— TASK ITEM —
From top to bottom, print the listing word for word and skip any pictures it contains.
### PROVIDED MATERIAL
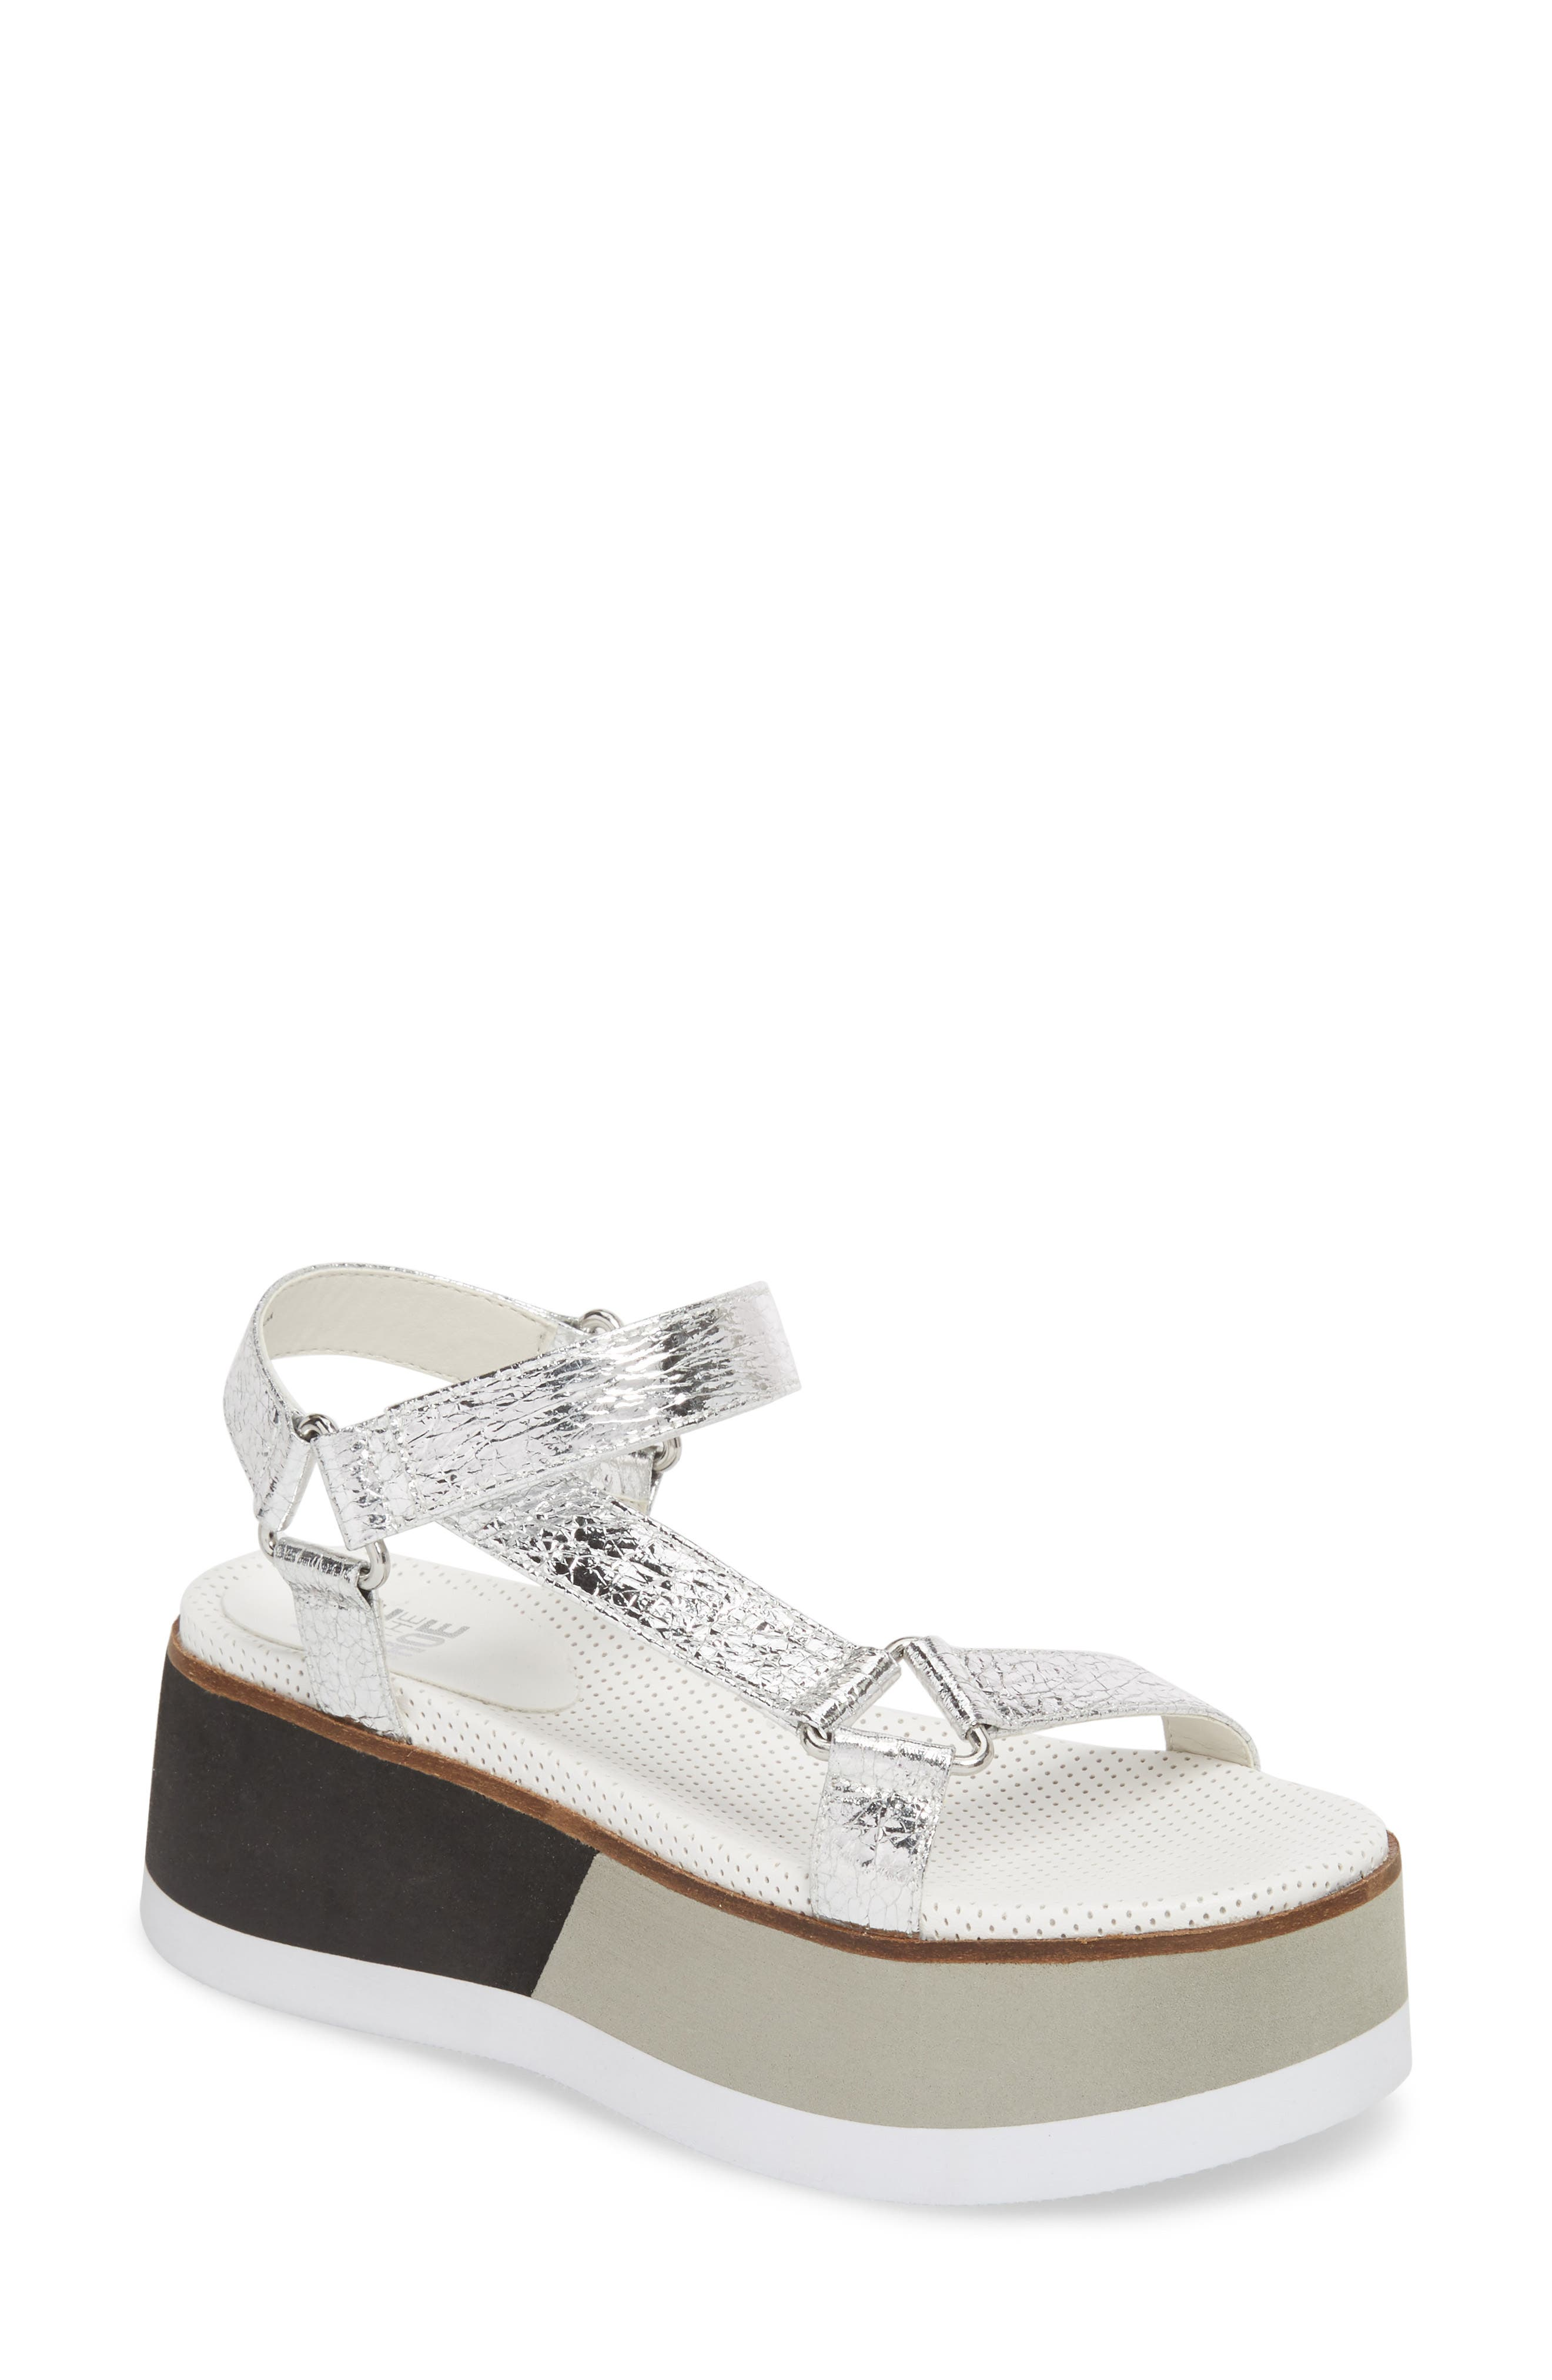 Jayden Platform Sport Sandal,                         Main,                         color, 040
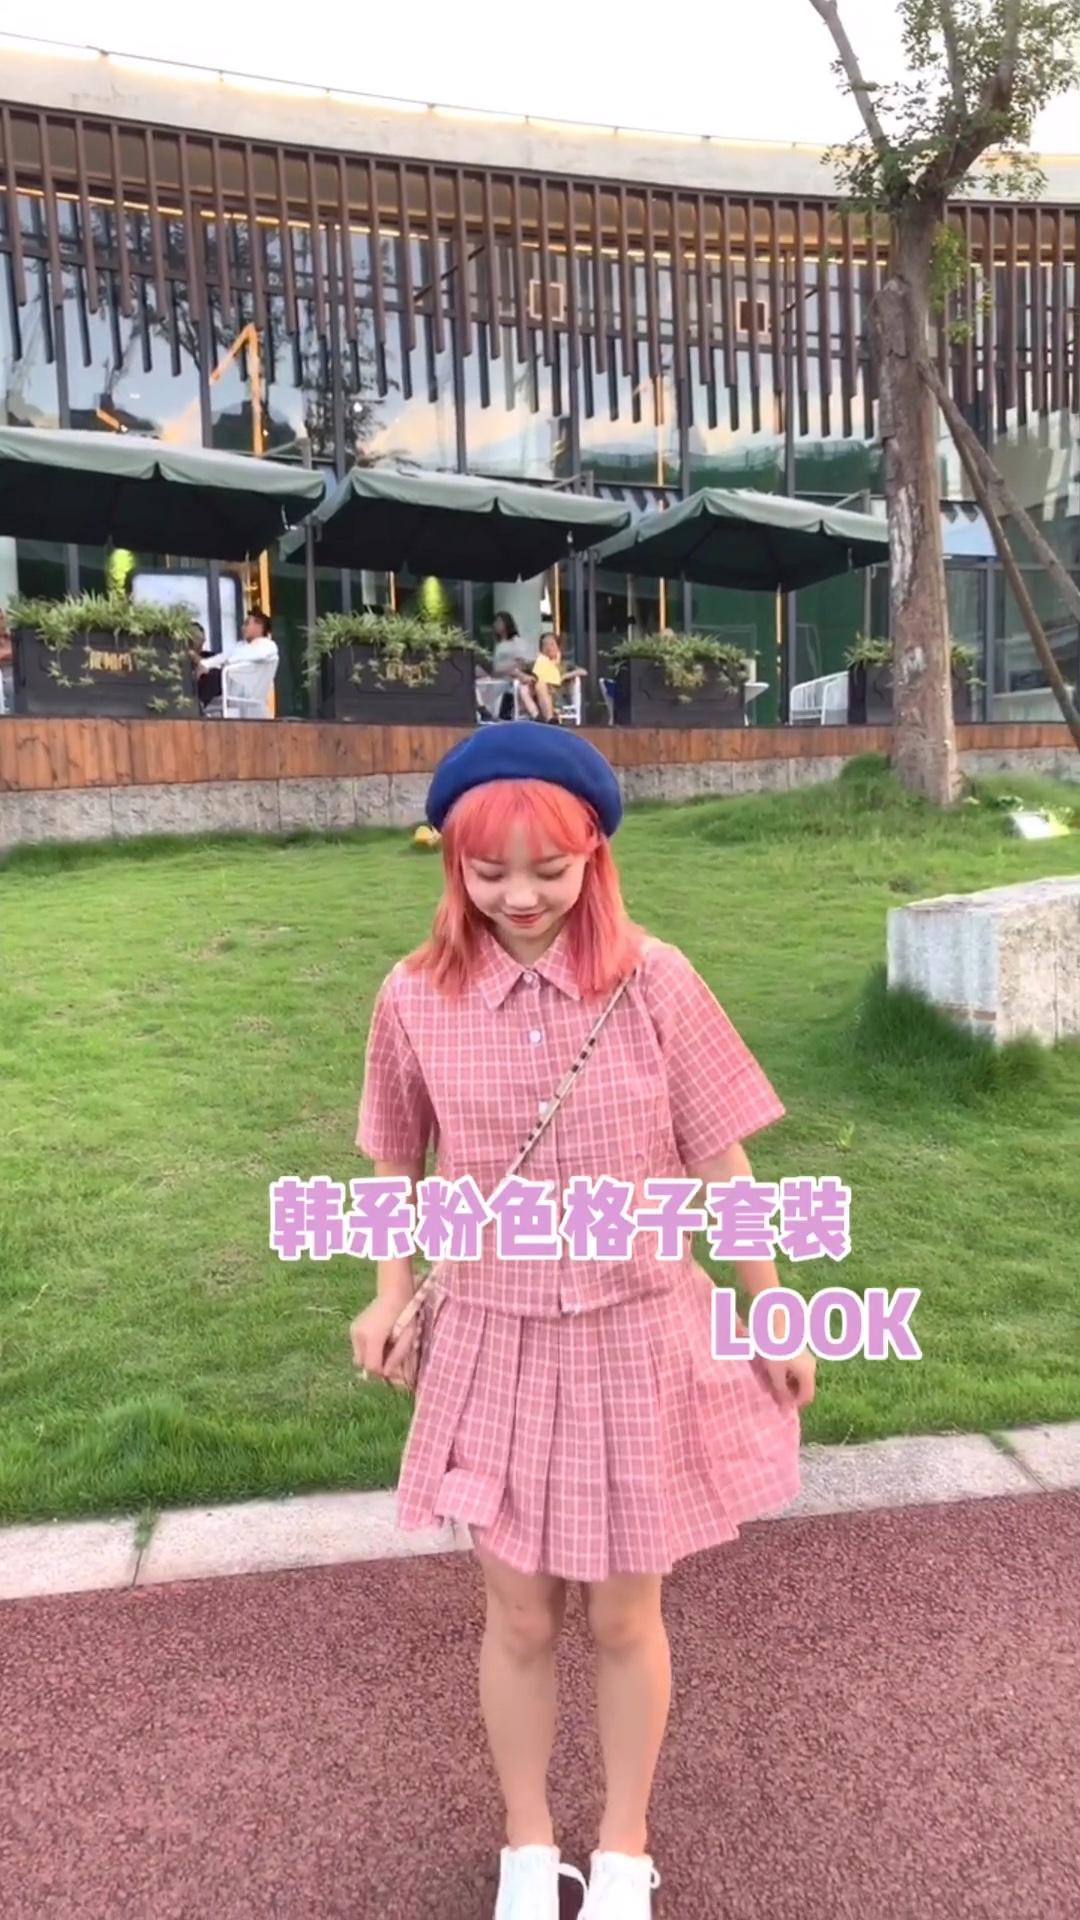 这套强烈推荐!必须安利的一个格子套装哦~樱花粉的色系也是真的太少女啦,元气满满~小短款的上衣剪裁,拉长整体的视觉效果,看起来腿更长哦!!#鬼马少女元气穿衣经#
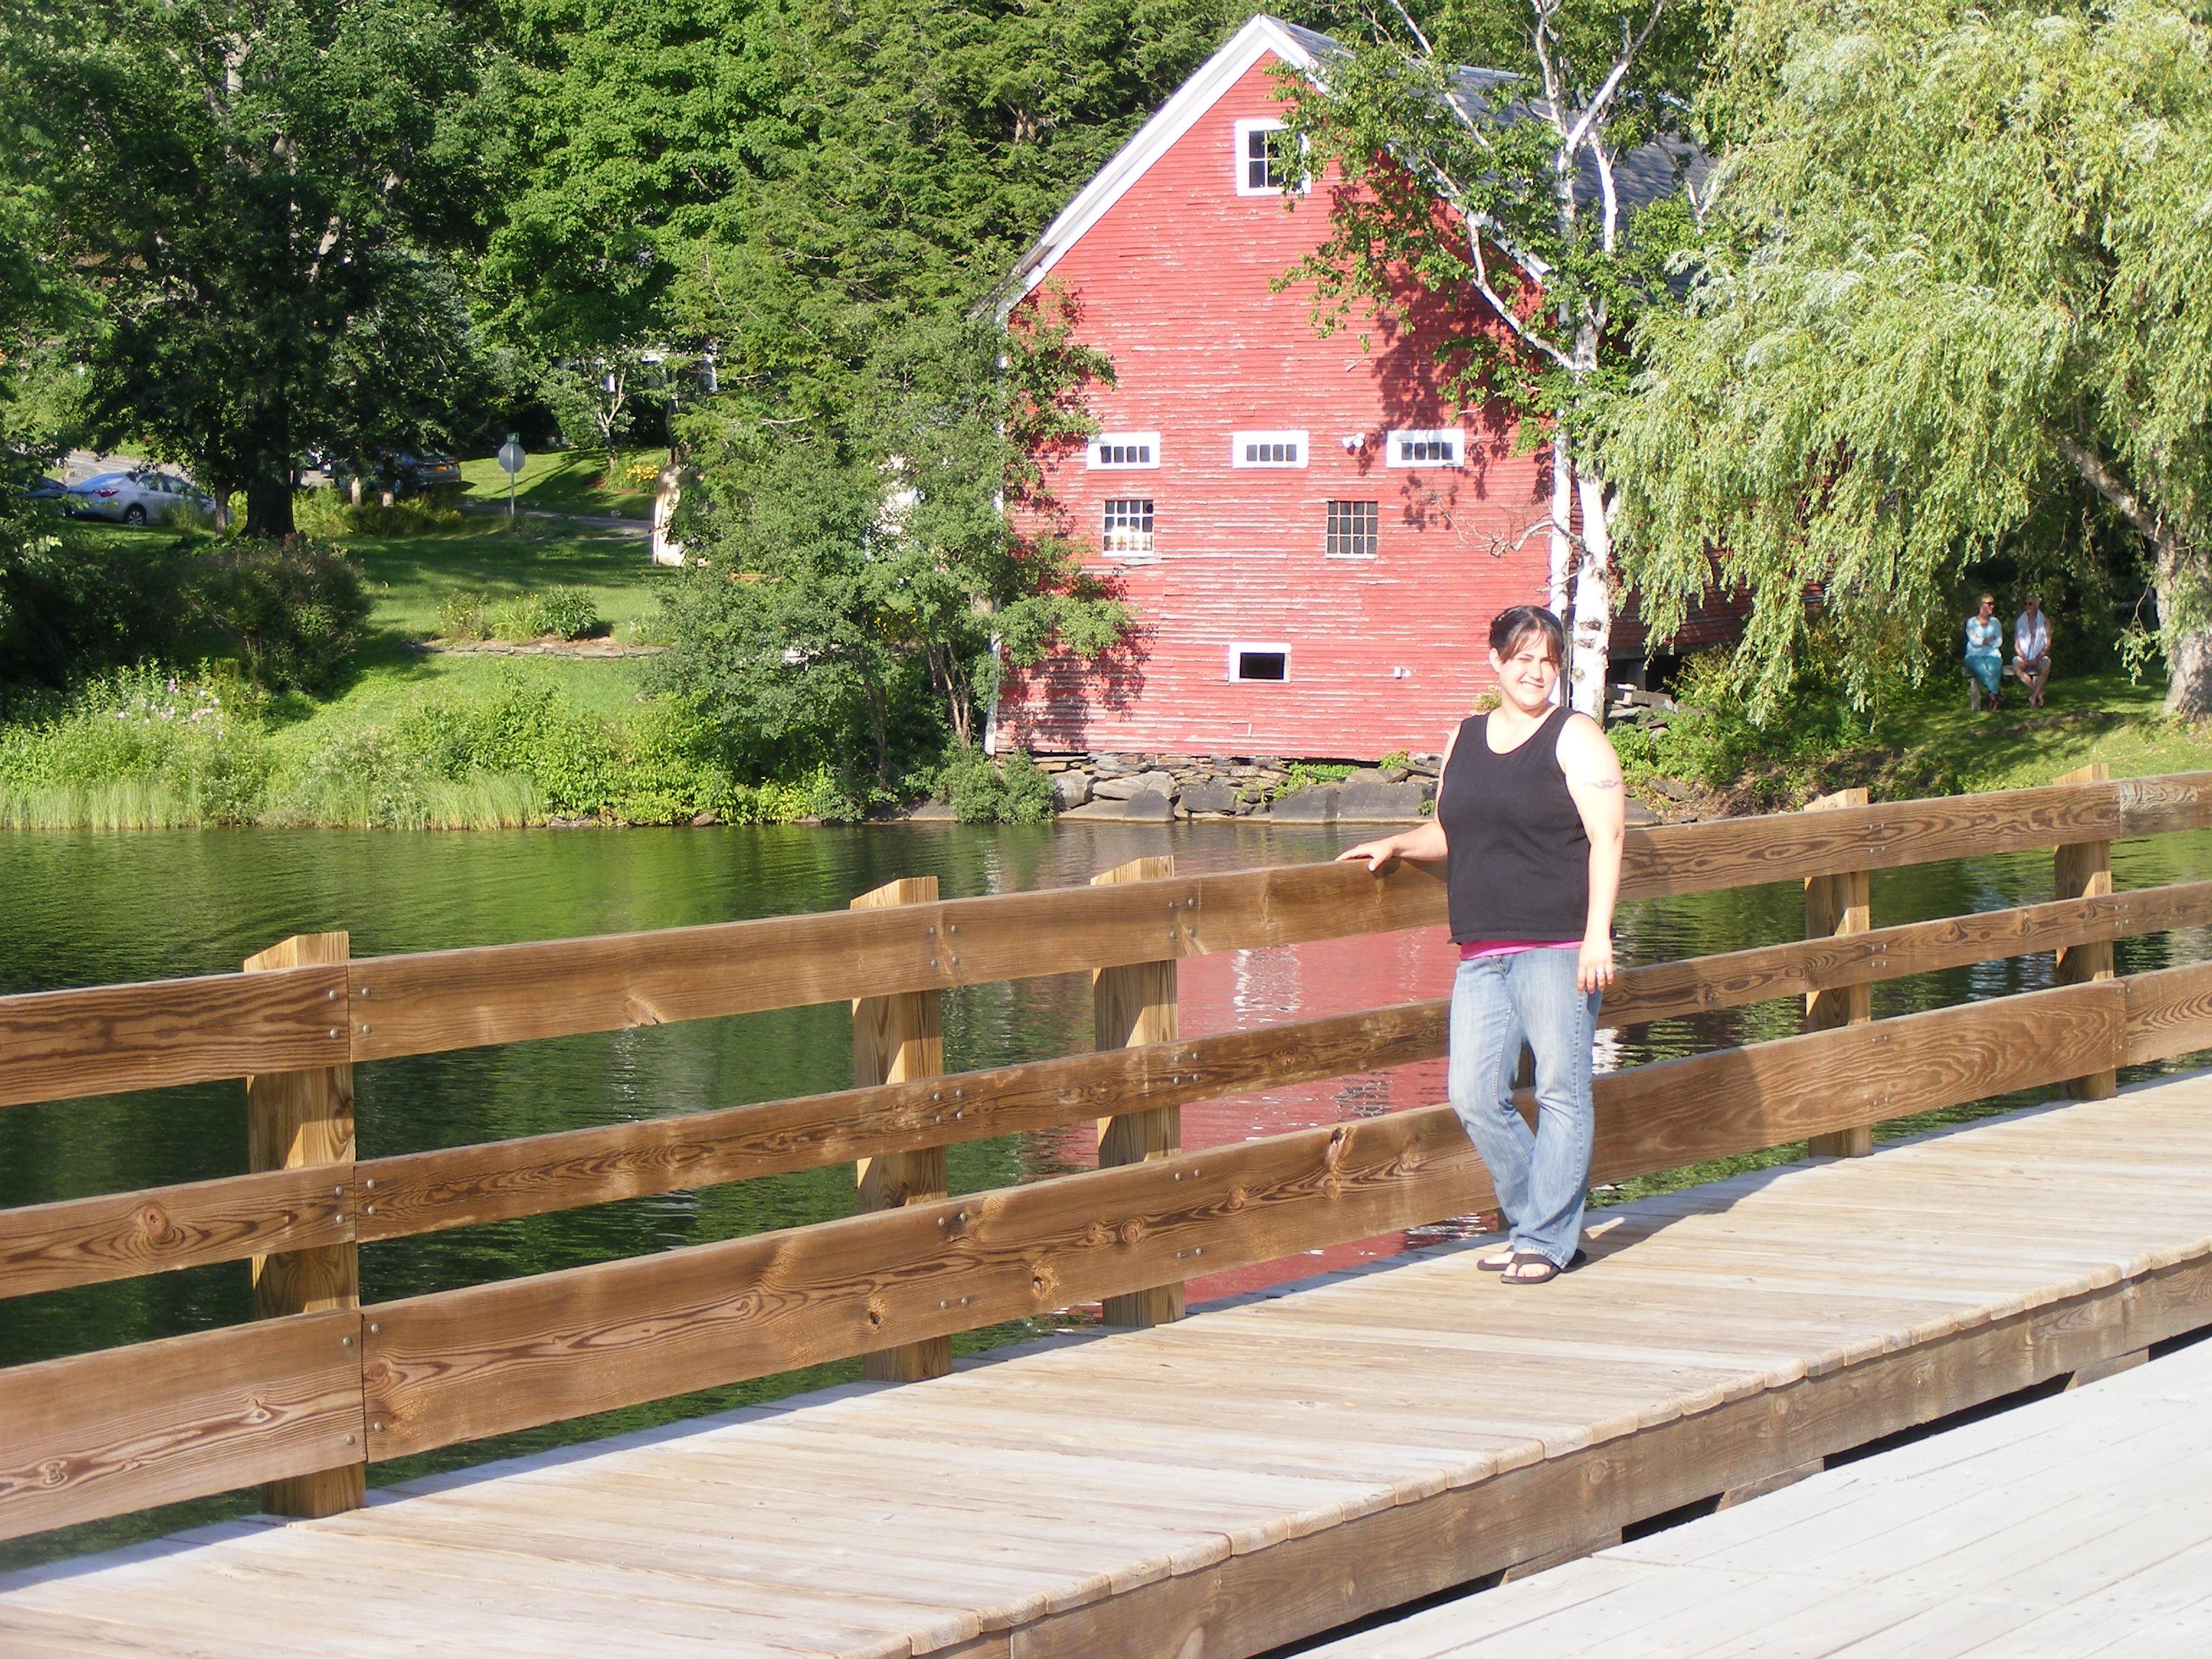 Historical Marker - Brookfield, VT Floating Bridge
######
— SOLUTION TO THE PROBLEM —
 Jayden Platform Sport Sandal,                         Main,                         color, 040
 这套强烈推荐!必须安利的一个格子套装哦~樱花粉的色系也是真的太少女啦,元气满满~小短款的上衣剪裁,拉长整体的视觉效果,看起来腿更长哦!!#鬼马少女元气穿衣经#
 Historical Marker - Brookfield, VT Floating Bridge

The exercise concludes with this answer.